• **Stored data**:
========================================================================

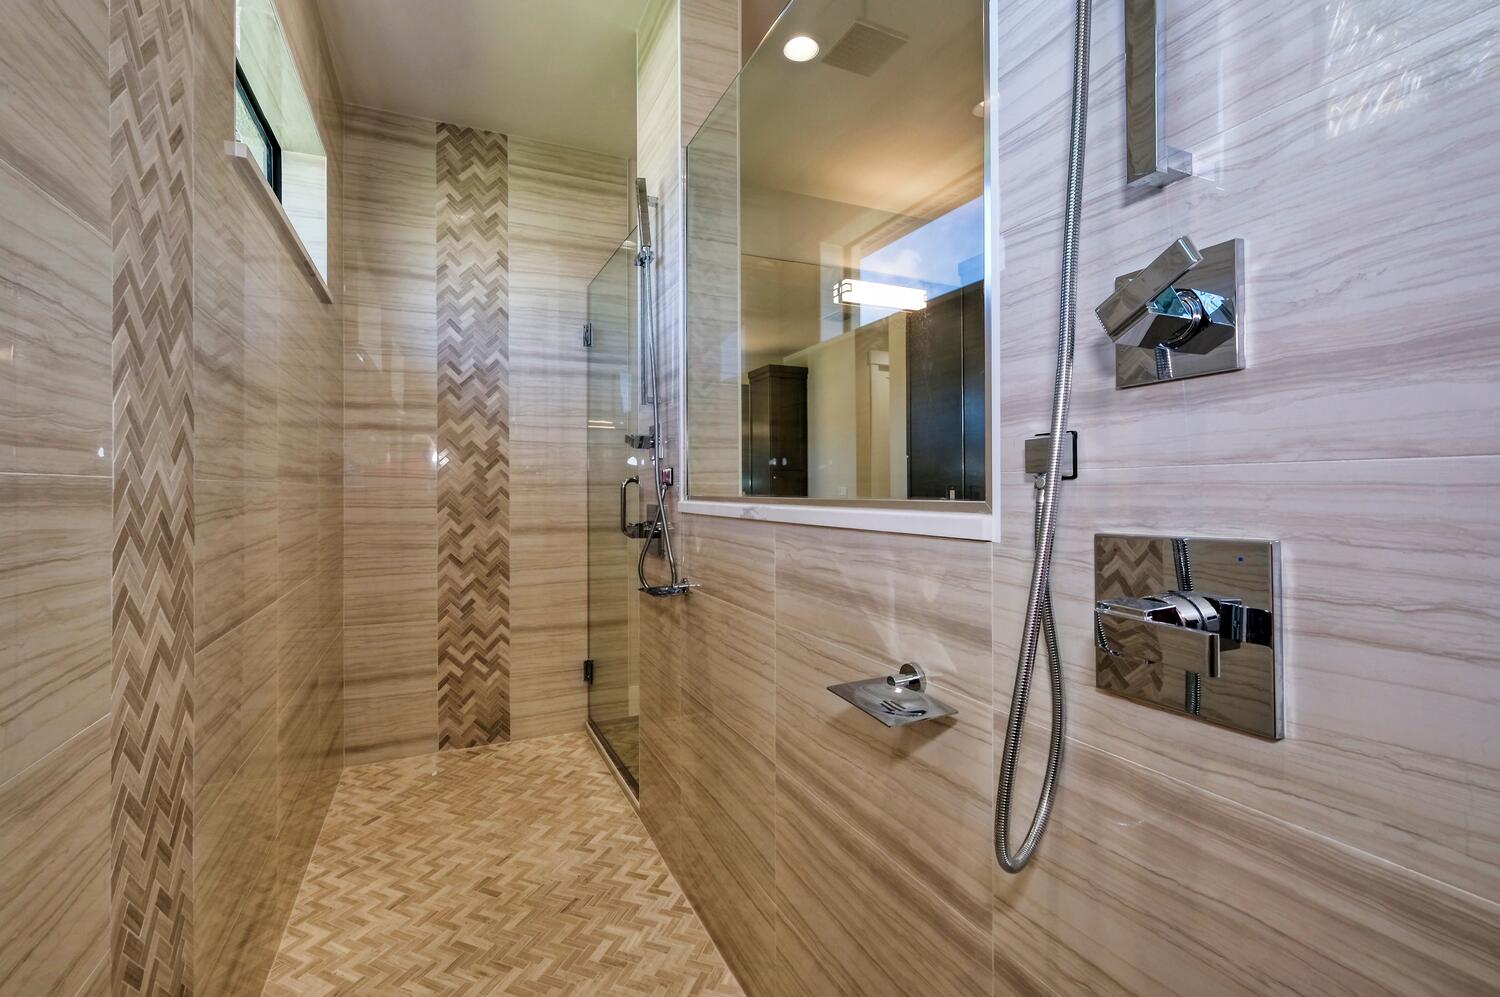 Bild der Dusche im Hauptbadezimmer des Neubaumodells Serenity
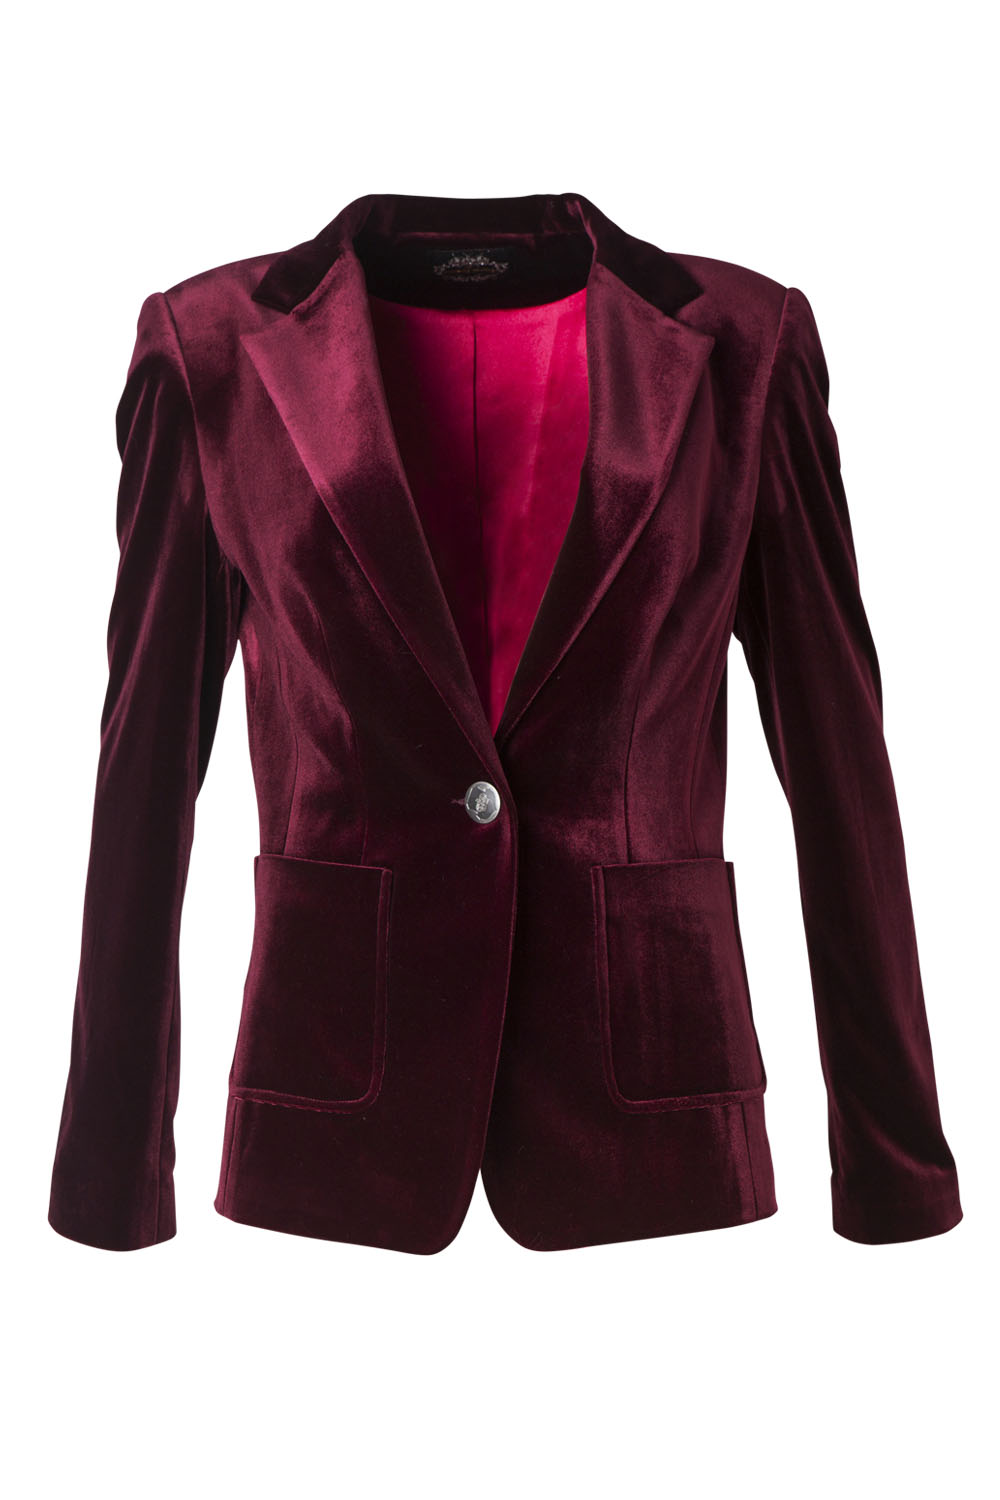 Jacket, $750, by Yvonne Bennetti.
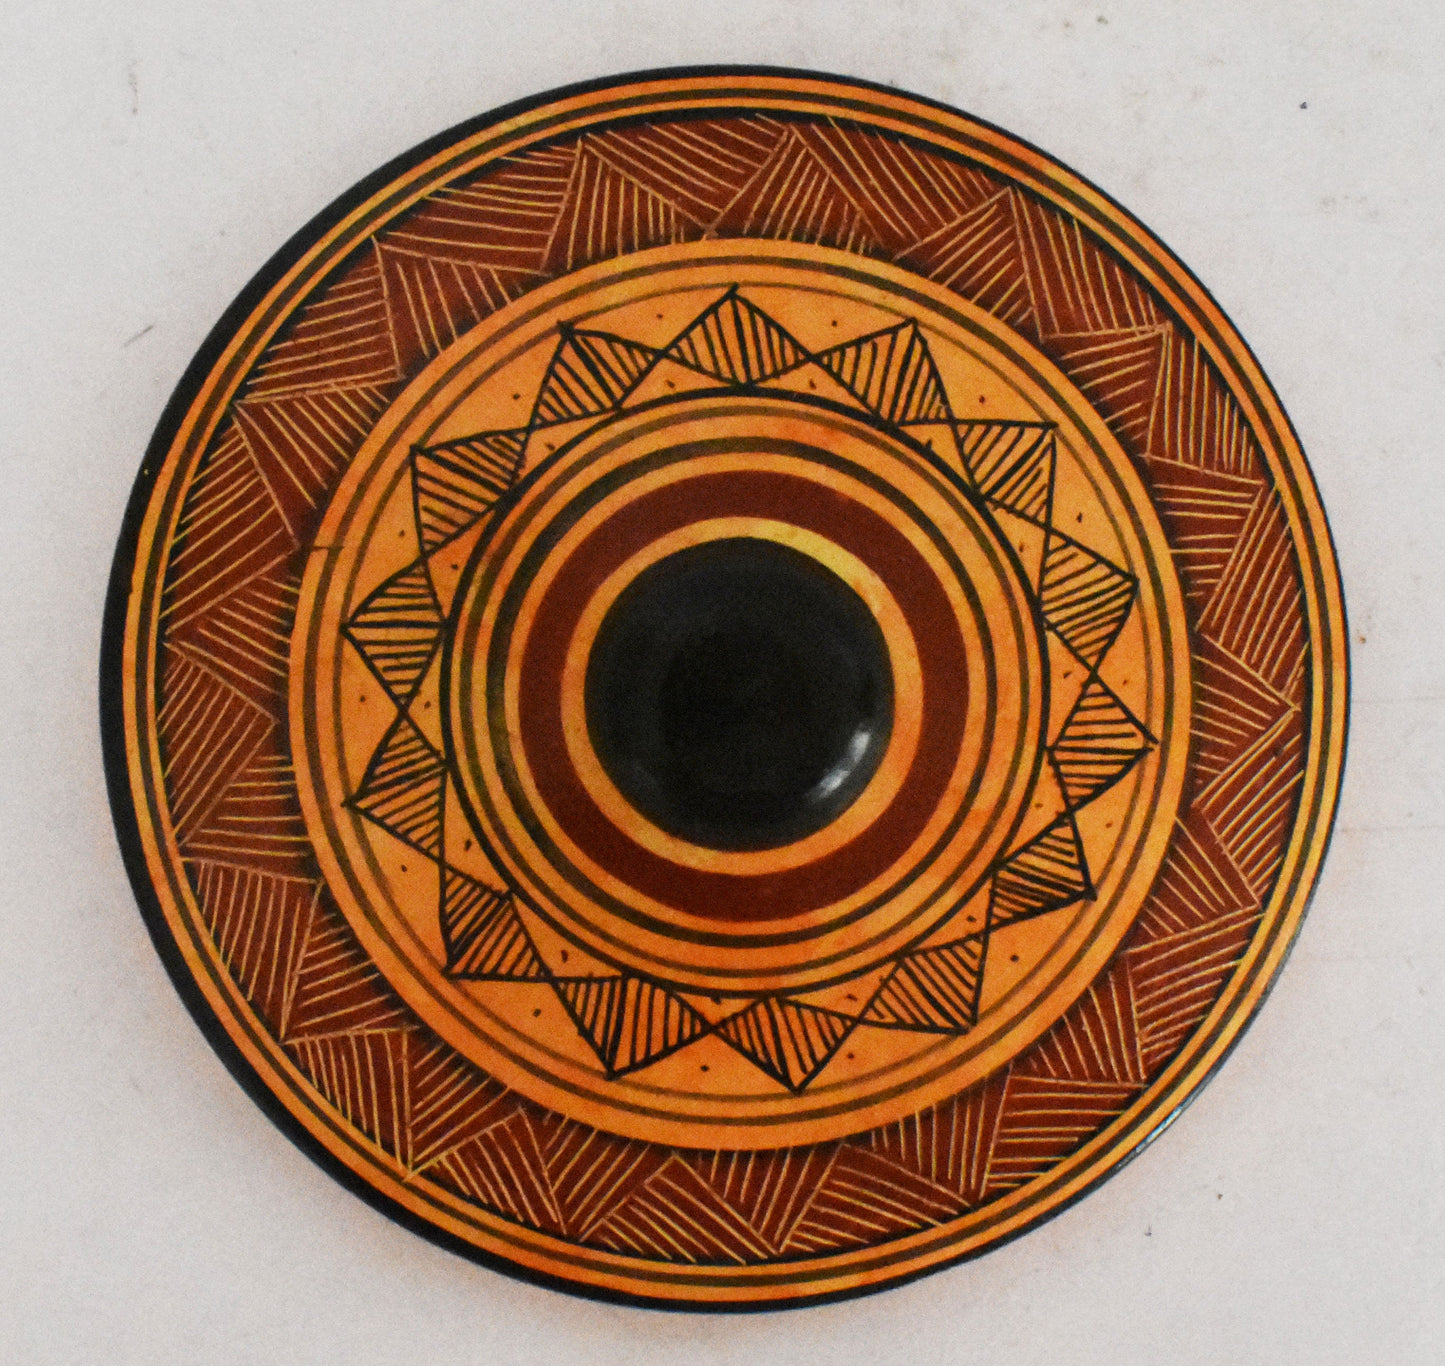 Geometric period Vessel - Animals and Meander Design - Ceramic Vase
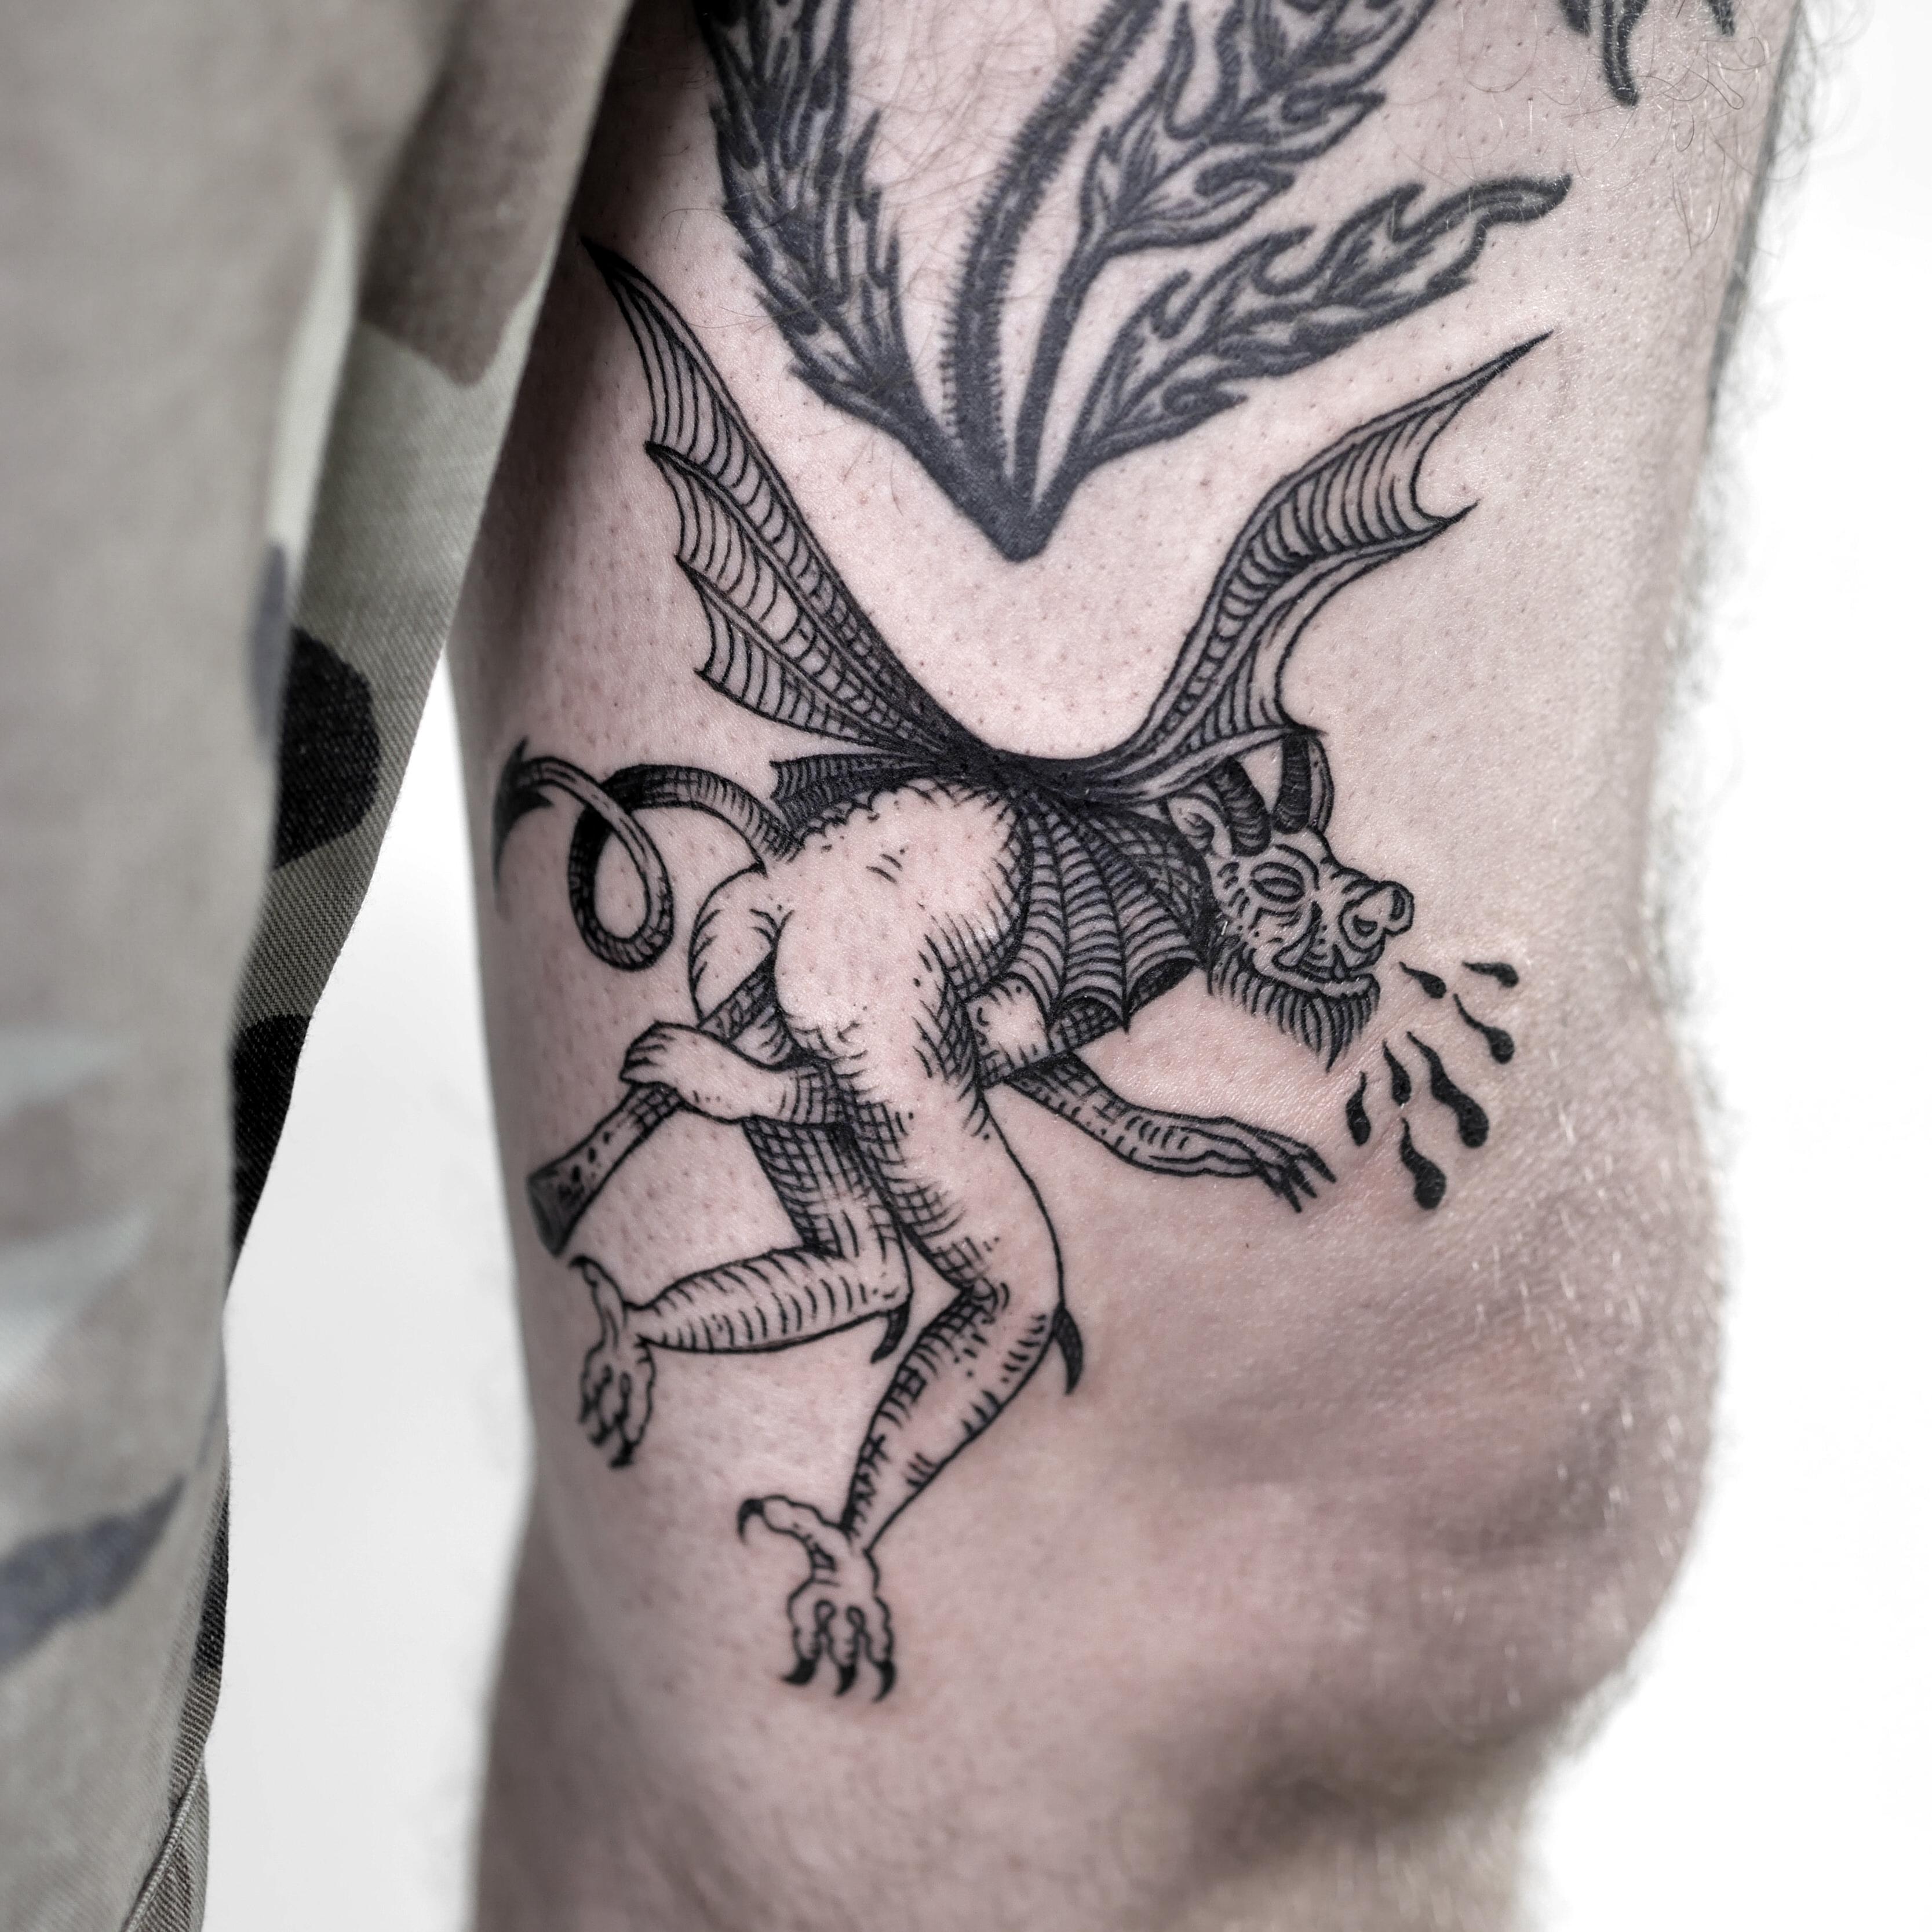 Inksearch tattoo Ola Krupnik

========================================================================

Restate the listing word for word and drop the pictures.

• **Response**:
 Bild der Dusche im Hauptbadezimmer des Neubaumodells Serenity
 Jacket, $750, by Yvonne Bennetti.
 Geometric period Vessel - Animals and Meander Design - Ceramic Vase
 Inksearch tattoo Ola Krupnik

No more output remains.